Currently, there is a negative view of freestanding emergency rooms (FSERs) in the state of Texas due to the concept of balance billing. Many patients believe that FSERs balance bill their patients since many of them are out-of-network with many of the large insurance carriers. While many FSERs do in fact practice balance billing, there are many others that do not. Instead, there are some FSERs that bill their patients according to the allowed amount determined by the insurance carrier. However, for those patients that have been balance billed, there is now a way for them to fight this.
First, in order to understand what balance billing is, one must understand what an “allowed amount” is. As a healthcare provider, when you submit a claim to an insurance carrier if the claim totals $1,000 and the insurance carrier approves $500 of the charges, this $500 would be considered the allowed amount. The allowed amount can be a combination of a payment from the insurance carrier, as well as any amount applied to the patient’s responsibility (deductible, coinsurance, etc.) according to the patient’s current insurance plan. As an out-of-network provider, you have the right to bill the patient above the $500 allowed amount up to the full charge amount of $1,000. Billing the patient for any remaining amount above the allowed amount is considered balance billing. Earlier this year, the Texas legislature approved SB 507, which gives patients a course of action when they are balance billed by an out-of-network provider.
Under SB 507, the Texas Department of Insurance (TDI) expanded their current out-of-network provider mediation program to include services provided at Texas freestanding emergency rooms. This program allows patients to seek mediation between the healthcare provider and insurance carrier if the patient is balance billed, not including any copayment, deductible, or coinsurance amounts. While the healthcare provider and insurance carrier will meet to discuss the bill, the patient’s participation in the mediation is voluntary.

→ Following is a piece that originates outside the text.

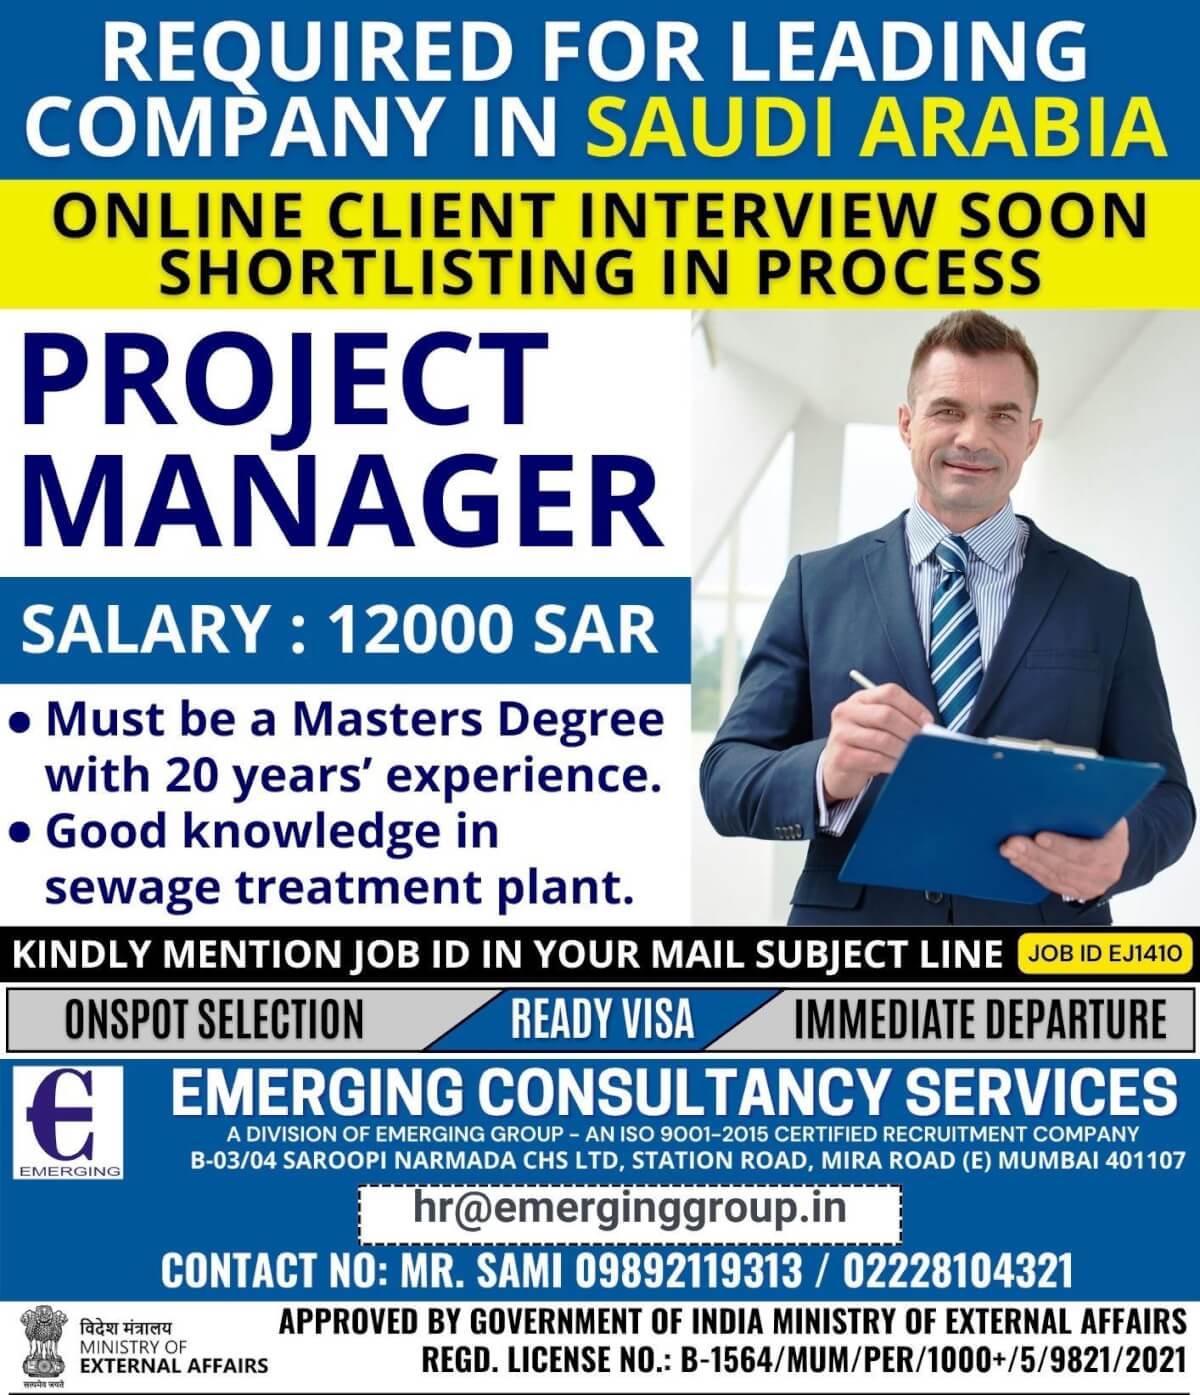 URGENTLY REQUIRED FOR LEADING COMPANY IN SAUDI ARABIA - SHORTLISTING IN PROCESS.

The TDI’s website states that under SB 507, a patient can qualify for mediation if the claim meets the following criteria:
- The patient is insured by a preferred provider organization (PPO), or is covered by the Employees Retirement System of Texas (ERS).
- The patient received medical services from an out-of-network hospital-based physician.
- The hospital in which services were rendered is a preferred provider under the patient’s preferred provider benefit plan.
- The patient was seen on or after September 1st, 2015 and was balance billed in excess of $1,000, or the patient was seen on or after January 1st, 2018 and was balanced billed in excess of $500.
According to TDI, the goal of the mediation will be to reach an agreement on the amount charged by the provider, the amount paid by the insurance, and the amount due from the patient. If the mediation is unsuccessful, the patient can also attempt to resolve the claim in court. Also, while the mediation is taking place, the healthcare provider cannot attempt to collect any portion of the balance billed amount from the patient until the mediation ends or the mediation request is withdrawn.